I only understand the basics of the ABCT, so I was hoping that someone could help out with this question.
Can a massive reduction in Government spending AND Taxation make up (partially) for previous malinvestment caused by the Federal Reserve's credit expansion?
Here is how it works in my head.
1. The federal reserve reduces interest rates below market prices as it usually does.
2. This leads into the starting of long term projects.
3. "Prosperity"
4. These projects are finished, and brought to market.
5. No one has any money to spend on the projects. Because their money was essentially used to build these projects.
So at this point things are looking bad. My theory is that reducing taxation and government spending may free enough money up to allow consumers to spend money on these projects. A lot of those projects will still fail, but it wouldn't be as bad.
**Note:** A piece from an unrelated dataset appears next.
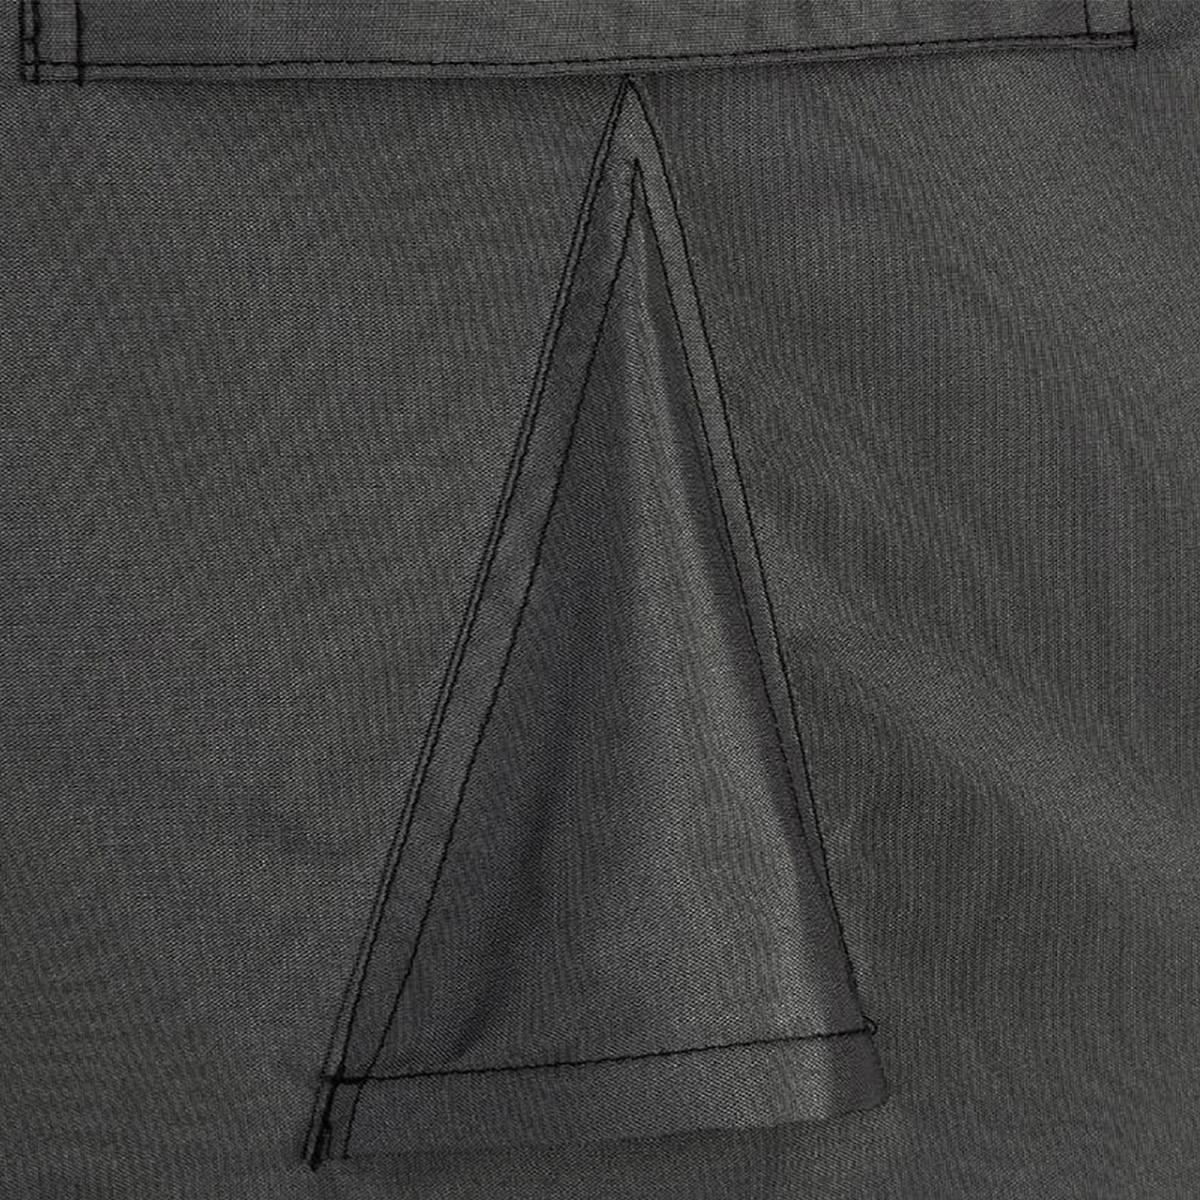 כיסוי לשולחן מלבני גדול 2.65x1.25 מ' - תמונה 3

Because the taxation is more or less regular. The taxation of consumers takes their money out of their ability to consume or save. This eliminates the money from the time coordination process provided by interest rates. So cutting taxes and reducing spending rapidly may be enough to reduce the amount of money being taken from the coordination process.
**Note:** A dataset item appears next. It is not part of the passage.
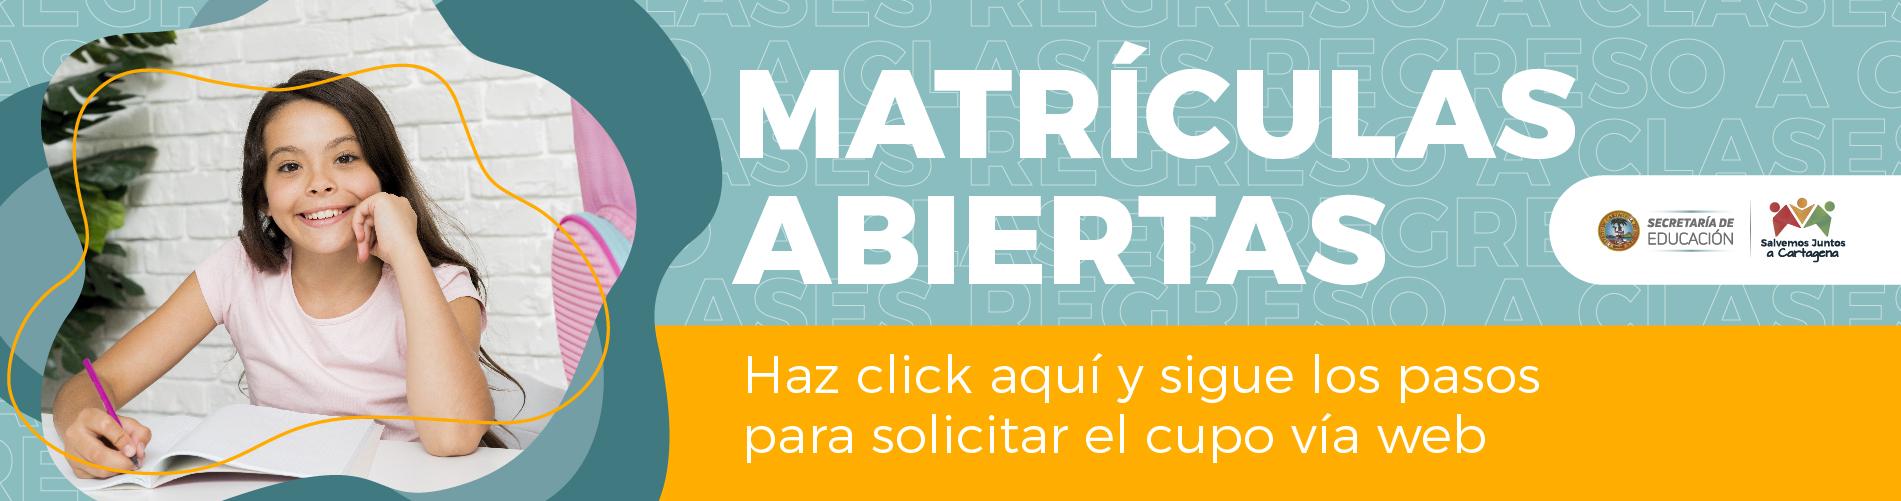 Banner-Matrículas-Abiertas-2021

The reason I brought this up was because of Harding. Lately that glen beck guy (I listen to him when I drive to my college in the morning) has been talking about him. I remembered that Thomas Woods spoke about how Harding reduced a depression to lasting a year by cutting taxes and spending.
I thought to myself "Isn't this a reverse-keynsian idea?". I mean, doesn't government spending have little to do with the business cycle? What do you guys think?
I think you are thinking along the same line with the recommendation of Murray Rothbard who said the best way to recover from a bust following an inflation induced boom is to get as much wealth as possible into the hands of entrepreneurs. This is done in several ways: 1. Reduce Waste, that is reduce the consumption of real resources that do not satisfy consumer demand. 2. Have the central bank dissolve or at least stop creating money. 4. Absolutely positively no bailouts of bankrupt banks and other businesses.
Just keep in mind that it is not the tax cut that puts resources in the hands of entrepreneurs. It is consumers who will divert wealth into savings that gets to entrepreneurs. So a tax cut without spending cuts will not do much as the spending is consuming real wealth some of which would go to savings. Similarly the central banks can only hurt consumer savings by diverting resources through inflation.